Go to the line in the entries below that holds "U.S. Treasury Secretary" and repeat exactly from there through the line that holds "20 Wedding Lightroom Presets 25396455 1", inclusive.

((

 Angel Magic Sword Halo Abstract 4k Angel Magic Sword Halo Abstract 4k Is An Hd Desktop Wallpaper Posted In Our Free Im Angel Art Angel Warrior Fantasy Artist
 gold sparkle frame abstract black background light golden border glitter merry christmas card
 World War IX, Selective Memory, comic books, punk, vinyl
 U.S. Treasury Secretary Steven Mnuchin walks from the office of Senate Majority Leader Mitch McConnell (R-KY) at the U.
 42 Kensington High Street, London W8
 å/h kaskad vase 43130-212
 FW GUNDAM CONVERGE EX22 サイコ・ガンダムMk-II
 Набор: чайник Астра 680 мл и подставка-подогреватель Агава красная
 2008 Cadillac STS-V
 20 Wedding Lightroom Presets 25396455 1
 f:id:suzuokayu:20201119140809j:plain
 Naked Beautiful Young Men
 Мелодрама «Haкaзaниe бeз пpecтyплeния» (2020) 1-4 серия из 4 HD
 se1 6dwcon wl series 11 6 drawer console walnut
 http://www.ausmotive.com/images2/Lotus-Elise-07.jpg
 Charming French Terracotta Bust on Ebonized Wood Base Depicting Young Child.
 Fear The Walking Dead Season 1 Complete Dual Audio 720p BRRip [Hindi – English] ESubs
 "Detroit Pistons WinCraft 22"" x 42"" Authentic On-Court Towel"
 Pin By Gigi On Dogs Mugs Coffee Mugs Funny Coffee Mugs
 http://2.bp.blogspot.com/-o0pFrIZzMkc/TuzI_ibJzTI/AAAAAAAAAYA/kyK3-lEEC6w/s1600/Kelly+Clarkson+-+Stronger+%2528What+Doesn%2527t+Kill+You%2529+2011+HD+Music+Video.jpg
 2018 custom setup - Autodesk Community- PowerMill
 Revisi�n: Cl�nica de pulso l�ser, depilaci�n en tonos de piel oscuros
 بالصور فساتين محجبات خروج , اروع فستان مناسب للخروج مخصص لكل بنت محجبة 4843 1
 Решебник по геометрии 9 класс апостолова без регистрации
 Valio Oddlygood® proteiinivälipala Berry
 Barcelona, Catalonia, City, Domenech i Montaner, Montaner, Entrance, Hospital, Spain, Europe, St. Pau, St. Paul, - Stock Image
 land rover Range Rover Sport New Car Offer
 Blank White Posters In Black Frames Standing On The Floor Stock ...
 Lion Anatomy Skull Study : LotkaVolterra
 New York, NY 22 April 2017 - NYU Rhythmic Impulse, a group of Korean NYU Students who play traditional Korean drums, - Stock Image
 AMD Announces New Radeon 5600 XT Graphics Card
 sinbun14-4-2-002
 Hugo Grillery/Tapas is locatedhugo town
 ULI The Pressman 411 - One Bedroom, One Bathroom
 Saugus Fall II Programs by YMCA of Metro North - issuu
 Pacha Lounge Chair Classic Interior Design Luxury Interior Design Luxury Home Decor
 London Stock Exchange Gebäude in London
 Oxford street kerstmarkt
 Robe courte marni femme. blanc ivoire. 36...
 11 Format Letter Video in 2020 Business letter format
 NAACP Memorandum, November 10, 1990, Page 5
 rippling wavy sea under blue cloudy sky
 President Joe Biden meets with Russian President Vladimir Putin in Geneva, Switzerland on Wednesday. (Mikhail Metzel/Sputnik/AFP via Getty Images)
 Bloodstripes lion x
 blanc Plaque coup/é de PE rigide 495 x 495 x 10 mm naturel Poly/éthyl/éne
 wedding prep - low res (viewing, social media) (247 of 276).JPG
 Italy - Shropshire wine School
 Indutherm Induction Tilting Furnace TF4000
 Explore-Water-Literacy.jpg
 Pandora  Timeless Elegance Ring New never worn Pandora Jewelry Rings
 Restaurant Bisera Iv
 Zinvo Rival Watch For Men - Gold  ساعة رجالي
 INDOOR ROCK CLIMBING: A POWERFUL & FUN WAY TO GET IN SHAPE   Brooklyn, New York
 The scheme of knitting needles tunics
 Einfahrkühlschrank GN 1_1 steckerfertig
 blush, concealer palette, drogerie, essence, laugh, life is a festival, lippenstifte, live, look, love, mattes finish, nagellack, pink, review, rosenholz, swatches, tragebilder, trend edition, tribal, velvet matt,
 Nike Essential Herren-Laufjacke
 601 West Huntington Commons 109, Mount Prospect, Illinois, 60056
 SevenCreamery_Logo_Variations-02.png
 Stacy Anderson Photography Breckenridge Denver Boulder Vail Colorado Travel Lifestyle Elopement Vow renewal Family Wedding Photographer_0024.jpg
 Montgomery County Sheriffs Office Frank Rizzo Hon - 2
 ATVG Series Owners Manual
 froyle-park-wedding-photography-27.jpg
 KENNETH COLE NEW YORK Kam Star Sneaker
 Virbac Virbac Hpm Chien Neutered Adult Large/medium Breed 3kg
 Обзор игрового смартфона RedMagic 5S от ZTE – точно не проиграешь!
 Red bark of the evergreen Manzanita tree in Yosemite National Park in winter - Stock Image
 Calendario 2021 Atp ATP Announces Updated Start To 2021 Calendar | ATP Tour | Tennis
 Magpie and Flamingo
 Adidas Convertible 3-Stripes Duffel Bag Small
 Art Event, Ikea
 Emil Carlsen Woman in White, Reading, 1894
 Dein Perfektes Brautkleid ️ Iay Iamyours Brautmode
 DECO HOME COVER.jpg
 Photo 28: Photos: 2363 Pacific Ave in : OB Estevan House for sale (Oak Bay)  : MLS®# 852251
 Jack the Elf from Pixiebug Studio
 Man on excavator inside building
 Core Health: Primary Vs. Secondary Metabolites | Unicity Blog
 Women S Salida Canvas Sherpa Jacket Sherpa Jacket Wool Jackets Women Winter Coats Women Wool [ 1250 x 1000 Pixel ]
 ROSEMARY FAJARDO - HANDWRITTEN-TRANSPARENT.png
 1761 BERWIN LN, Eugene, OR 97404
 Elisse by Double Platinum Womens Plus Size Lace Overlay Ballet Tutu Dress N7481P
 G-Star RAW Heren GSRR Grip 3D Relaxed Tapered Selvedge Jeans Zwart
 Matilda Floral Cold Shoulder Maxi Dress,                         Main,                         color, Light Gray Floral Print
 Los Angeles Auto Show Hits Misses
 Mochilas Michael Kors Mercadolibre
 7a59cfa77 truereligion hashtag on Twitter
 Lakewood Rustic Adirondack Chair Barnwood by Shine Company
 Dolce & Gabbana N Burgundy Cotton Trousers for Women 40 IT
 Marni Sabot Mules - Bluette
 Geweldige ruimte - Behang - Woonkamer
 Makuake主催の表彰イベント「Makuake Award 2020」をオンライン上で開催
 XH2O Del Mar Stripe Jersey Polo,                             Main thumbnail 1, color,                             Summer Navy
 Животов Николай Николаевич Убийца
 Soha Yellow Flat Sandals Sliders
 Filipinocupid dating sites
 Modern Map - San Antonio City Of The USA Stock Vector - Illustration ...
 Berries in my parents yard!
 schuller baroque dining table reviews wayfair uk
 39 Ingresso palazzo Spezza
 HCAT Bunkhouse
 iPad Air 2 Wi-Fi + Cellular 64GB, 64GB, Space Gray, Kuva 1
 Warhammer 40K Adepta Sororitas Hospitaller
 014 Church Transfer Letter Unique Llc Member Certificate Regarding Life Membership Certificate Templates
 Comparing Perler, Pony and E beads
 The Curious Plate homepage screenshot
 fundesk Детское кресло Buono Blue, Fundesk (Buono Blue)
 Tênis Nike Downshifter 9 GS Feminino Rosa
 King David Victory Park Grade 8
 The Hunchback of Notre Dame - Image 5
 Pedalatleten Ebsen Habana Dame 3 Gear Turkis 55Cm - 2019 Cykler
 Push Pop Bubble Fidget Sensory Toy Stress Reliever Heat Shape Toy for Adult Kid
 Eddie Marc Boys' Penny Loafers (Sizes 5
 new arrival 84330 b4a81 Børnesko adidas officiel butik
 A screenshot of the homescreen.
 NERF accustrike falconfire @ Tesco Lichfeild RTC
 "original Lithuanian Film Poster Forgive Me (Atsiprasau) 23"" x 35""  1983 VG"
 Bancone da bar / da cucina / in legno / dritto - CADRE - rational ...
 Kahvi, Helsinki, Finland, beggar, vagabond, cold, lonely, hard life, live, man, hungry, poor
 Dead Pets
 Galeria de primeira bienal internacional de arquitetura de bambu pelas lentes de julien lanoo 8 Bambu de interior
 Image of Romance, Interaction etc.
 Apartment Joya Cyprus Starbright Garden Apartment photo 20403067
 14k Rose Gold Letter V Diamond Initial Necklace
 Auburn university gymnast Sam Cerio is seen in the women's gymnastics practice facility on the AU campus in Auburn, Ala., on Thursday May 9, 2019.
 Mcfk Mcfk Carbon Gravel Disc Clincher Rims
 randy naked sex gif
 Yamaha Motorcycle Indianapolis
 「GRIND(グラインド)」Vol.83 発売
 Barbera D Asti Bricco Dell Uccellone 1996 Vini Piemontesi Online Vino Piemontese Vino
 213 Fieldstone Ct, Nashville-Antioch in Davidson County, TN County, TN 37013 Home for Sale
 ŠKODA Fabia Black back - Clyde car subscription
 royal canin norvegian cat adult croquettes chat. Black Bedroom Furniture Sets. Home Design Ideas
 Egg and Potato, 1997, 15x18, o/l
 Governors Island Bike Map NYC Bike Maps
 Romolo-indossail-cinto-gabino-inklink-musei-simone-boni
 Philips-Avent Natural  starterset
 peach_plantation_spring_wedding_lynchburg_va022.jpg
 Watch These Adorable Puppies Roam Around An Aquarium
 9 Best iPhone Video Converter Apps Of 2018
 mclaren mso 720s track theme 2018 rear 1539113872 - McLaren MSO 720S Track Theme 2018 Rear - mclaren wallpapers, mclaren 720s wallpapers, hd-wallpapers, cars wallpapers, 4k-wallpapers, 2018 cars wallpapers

))

* [Problem solution]:
 U.S. Treasury Secretary Steven Mnuchin walks from the office of Senate Majority Leader Mitch McConnell (R-KY) at the U.
 42 Kensington High Street, London W8
 å/h kaskad vase 43130-212
 FW GUNDAM CONVERGE EX22 サイコ・ガンダムMk-II
 Набор: чайник Астра 680 мл и подставка-подогреватель Агава красная
 2008 Cadillac STS-V
 20 Wedding Lightroom Presets 25396455 1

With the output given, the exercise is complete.